===== Raw data

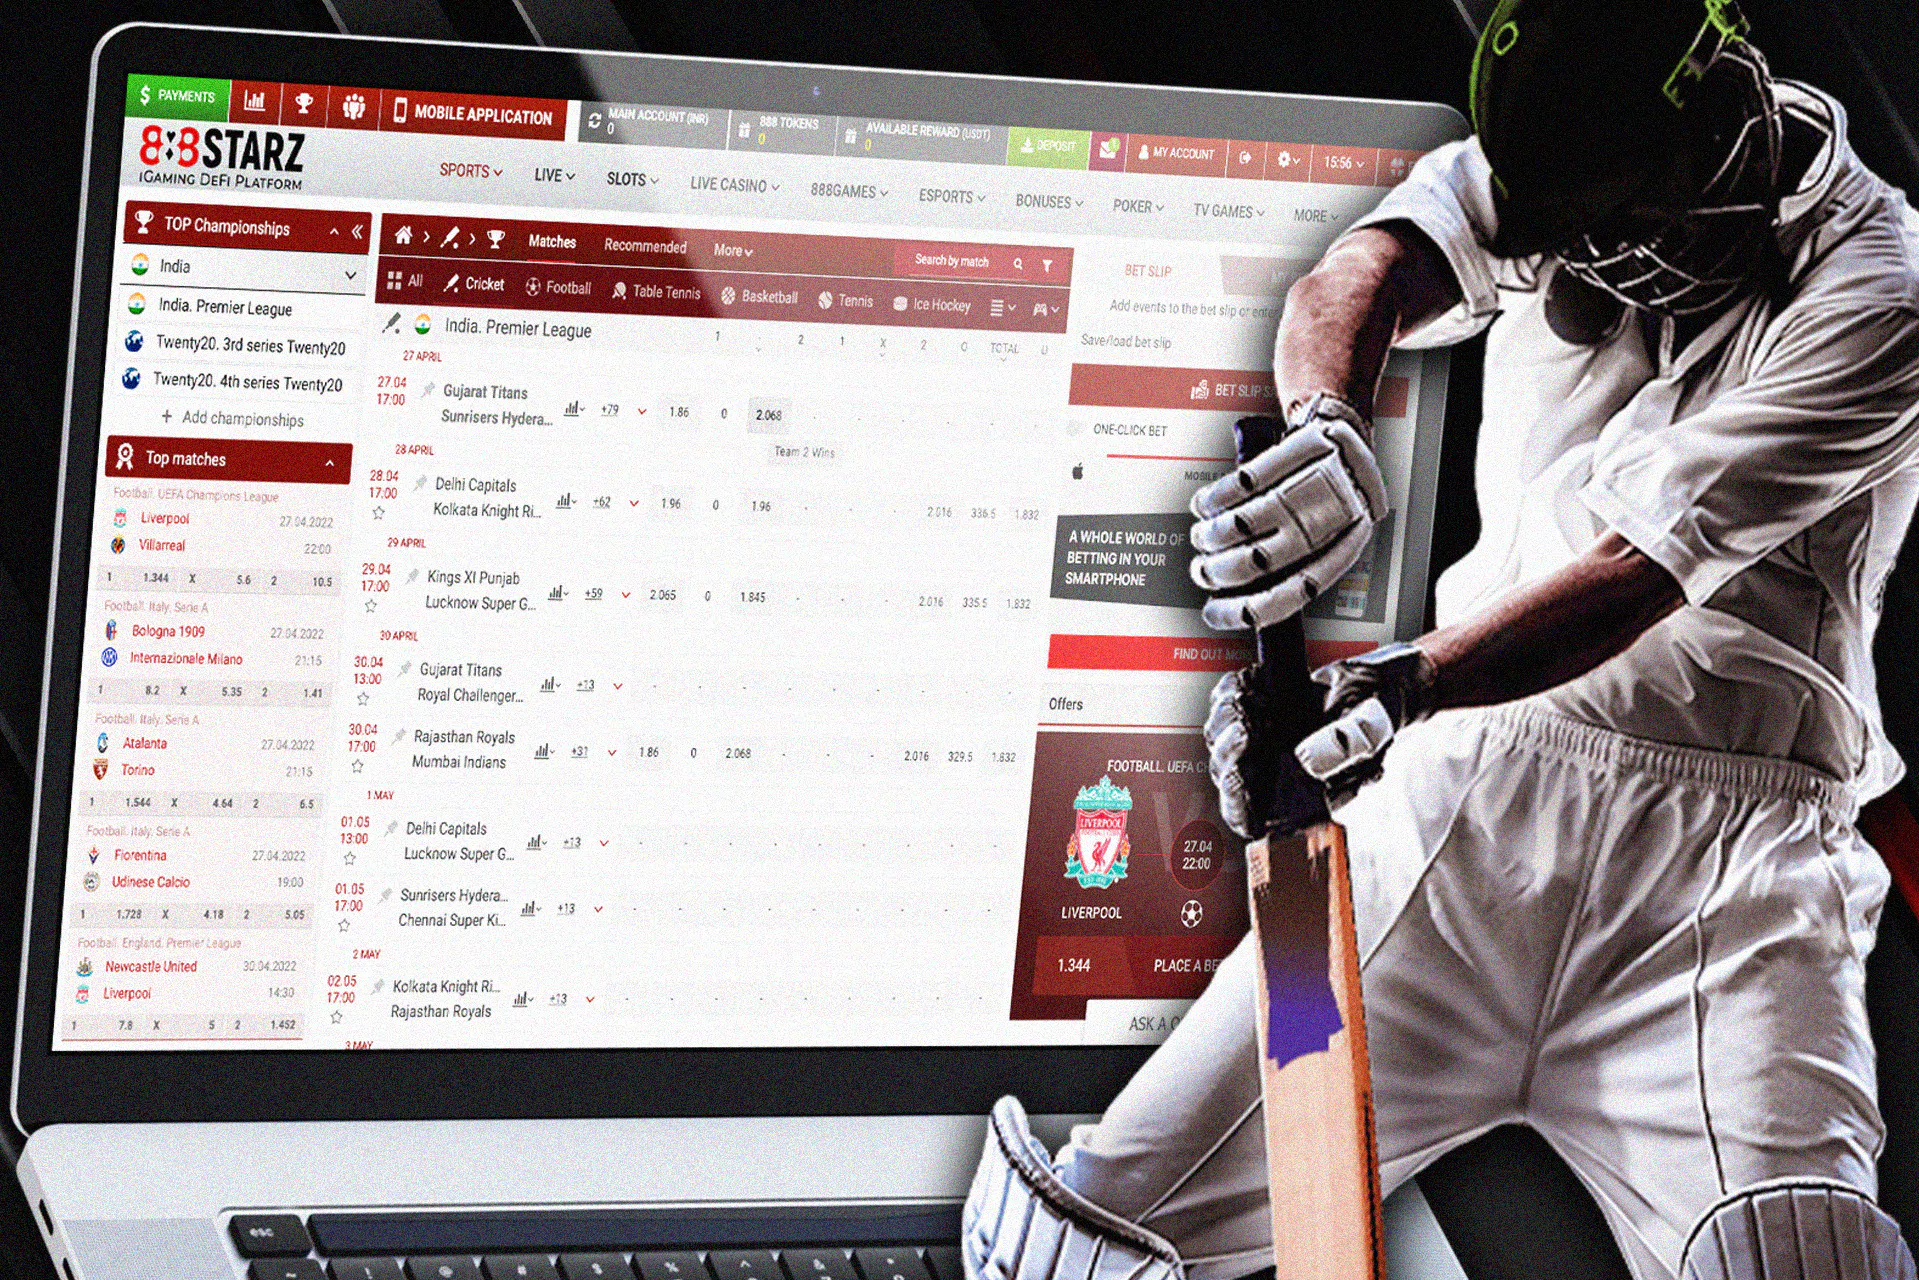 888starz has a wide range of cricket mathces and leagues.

==========
===== Raw data

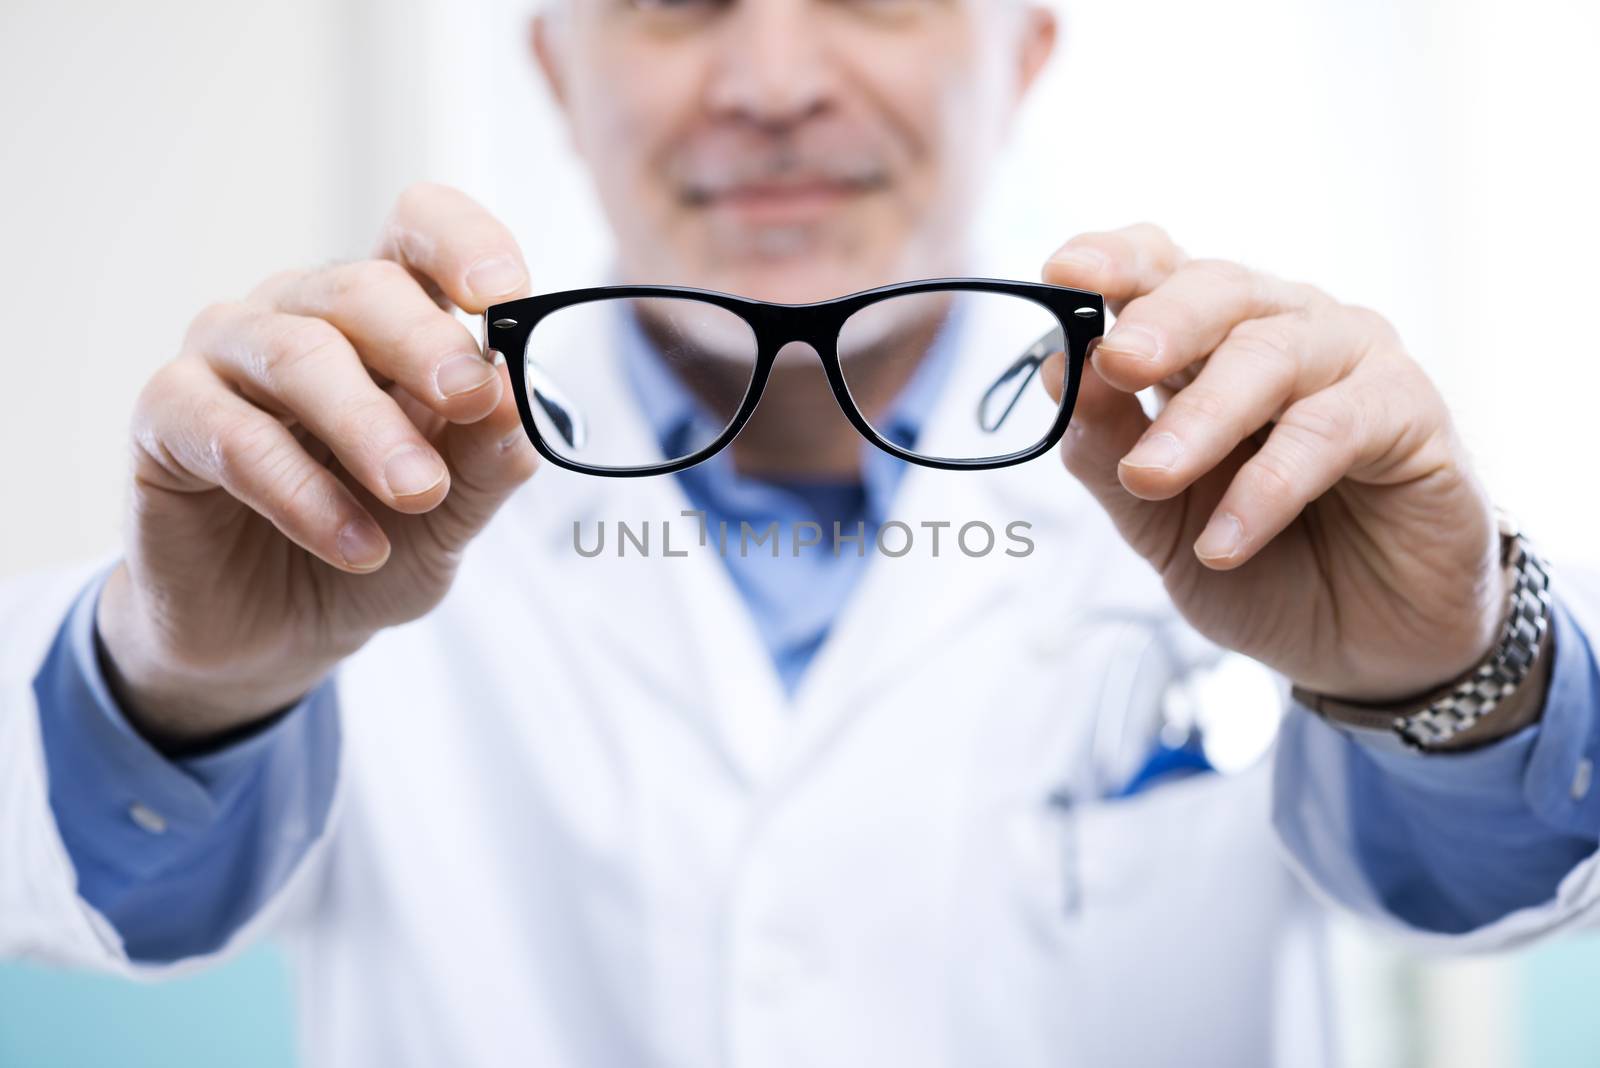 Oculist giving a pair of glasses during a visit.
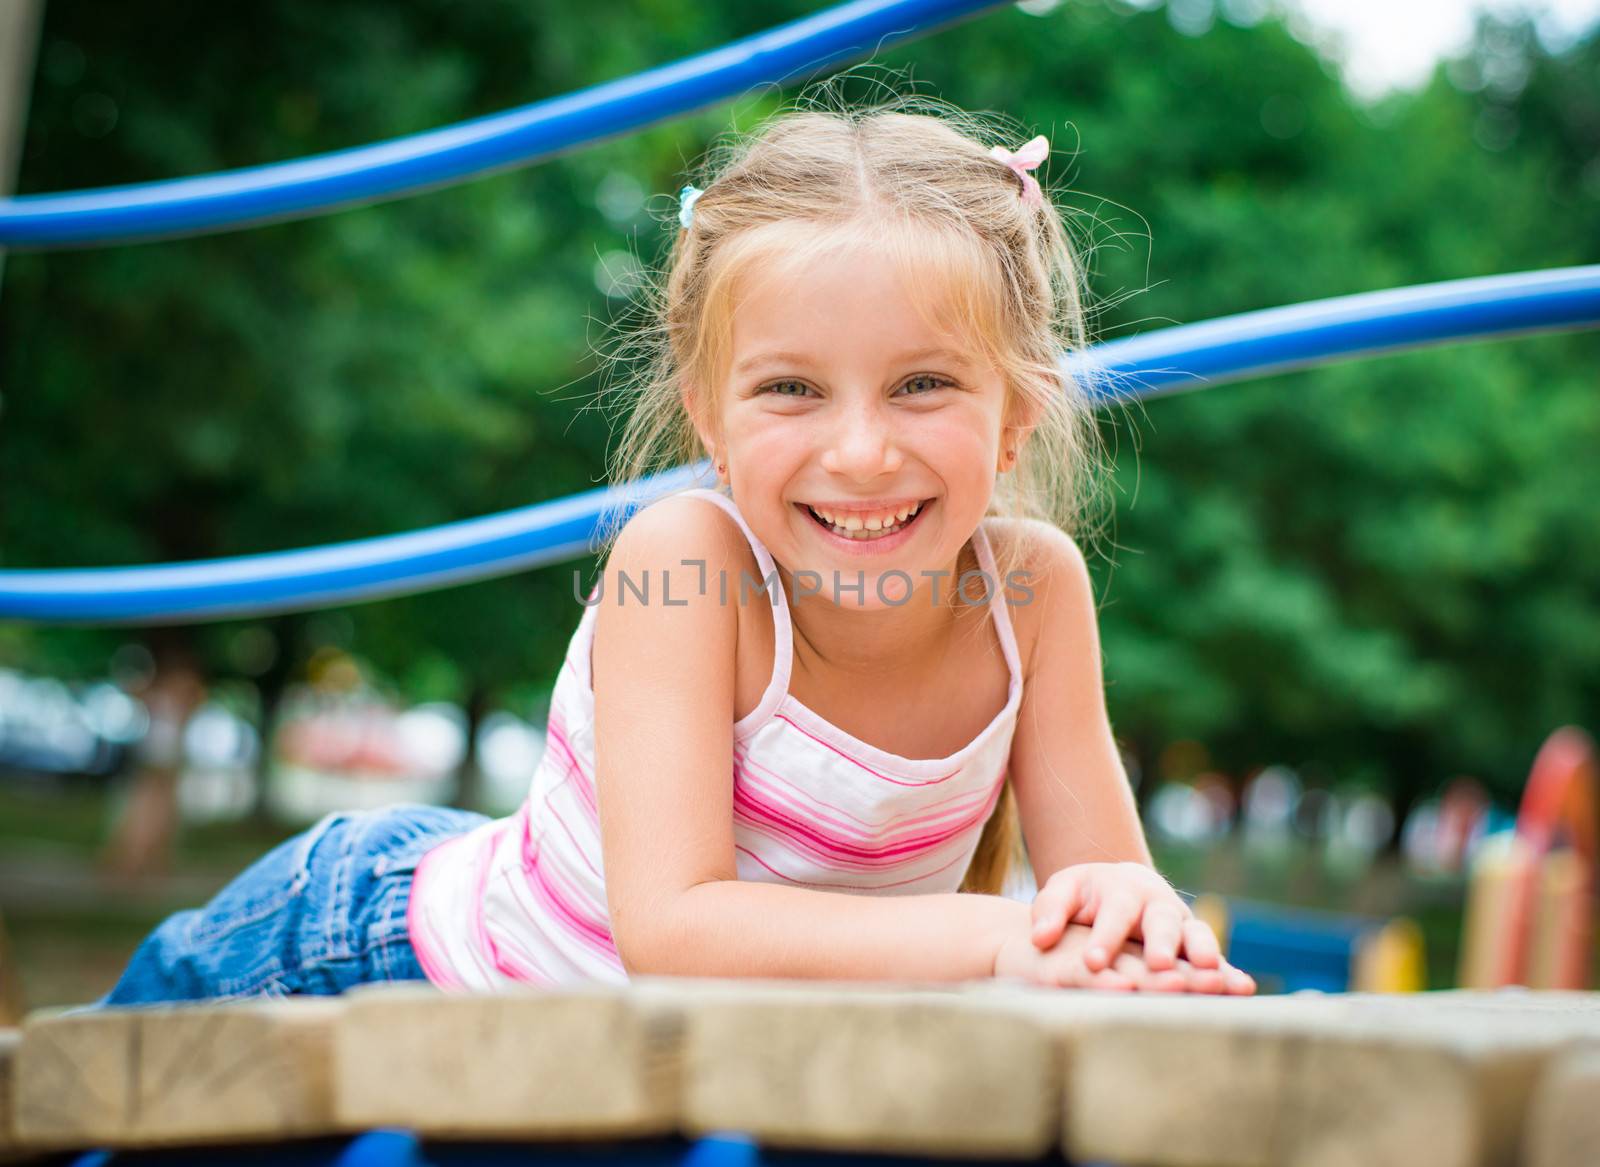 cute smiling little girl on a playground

==========

Problem to work on => Copy the lines above exactly, starting with the line that contains "Oculist giving a" and ending with the line that contains "cute smiling little girl on a playground", and leave out any pictures.

The answer =>
 Oculist giving a pair of glasses during a visit.
 cute smiling little girl on a playground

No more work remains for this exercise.